The Governor Alfred E. Driscoll Bridge, also known as the Driscoll Bridge is a toll bridge (with a series of three spans) on the Garden State Parkway in the U.S. state of New Jersey spanning the Raritan River near its mouth in Raritan Bay. The bridge connects the Middlesex County communities of Woodbridge Township on the north with Sayreville on the south.  With a total of 15 travel lanes and 6 shoulder lanes, it is the widest motor vehicle bridge in the world by number of lanes and one of the world's busiest. Only 30 feet east of the Driscoll Bridge are the Vieser and Edison Bridges, which carry U.S. Route 9 southbound and northbound, respectively.

History
The northbound lanes of the bridge were opened to the public without fanfare on July 30, 1954. The bridge was formally renamed in 1974 for former Governor Alfred E. Driscoll, who advocated for and oversaw the construction of the Garden State Parkway, as well as for the New Jersey Turnpike.

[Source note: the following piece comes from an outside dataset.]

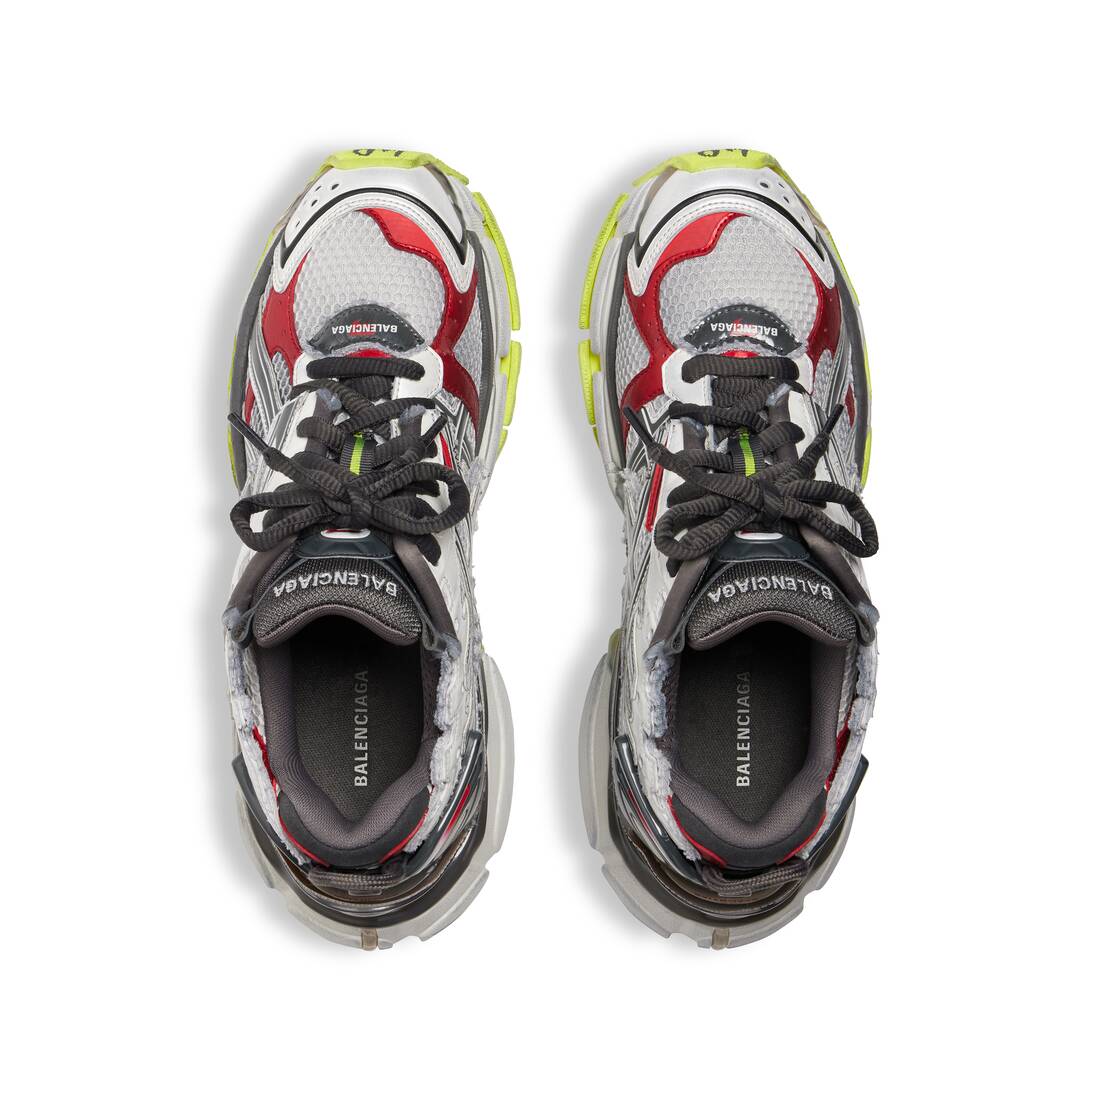 Balenciaga Track 2 Sneaker in Black & Grey & Red

The original span was built with two lanes in each direction. A second span was added in 1972, with each span serving five lanes of traffic.

The bridge had very narrow lanes which created traffic bottlenecks for miles in each direction on the Garden State Parkway, until it was widened. The bridge was later restriped to have twelve ten-foot lanes, six in each direction.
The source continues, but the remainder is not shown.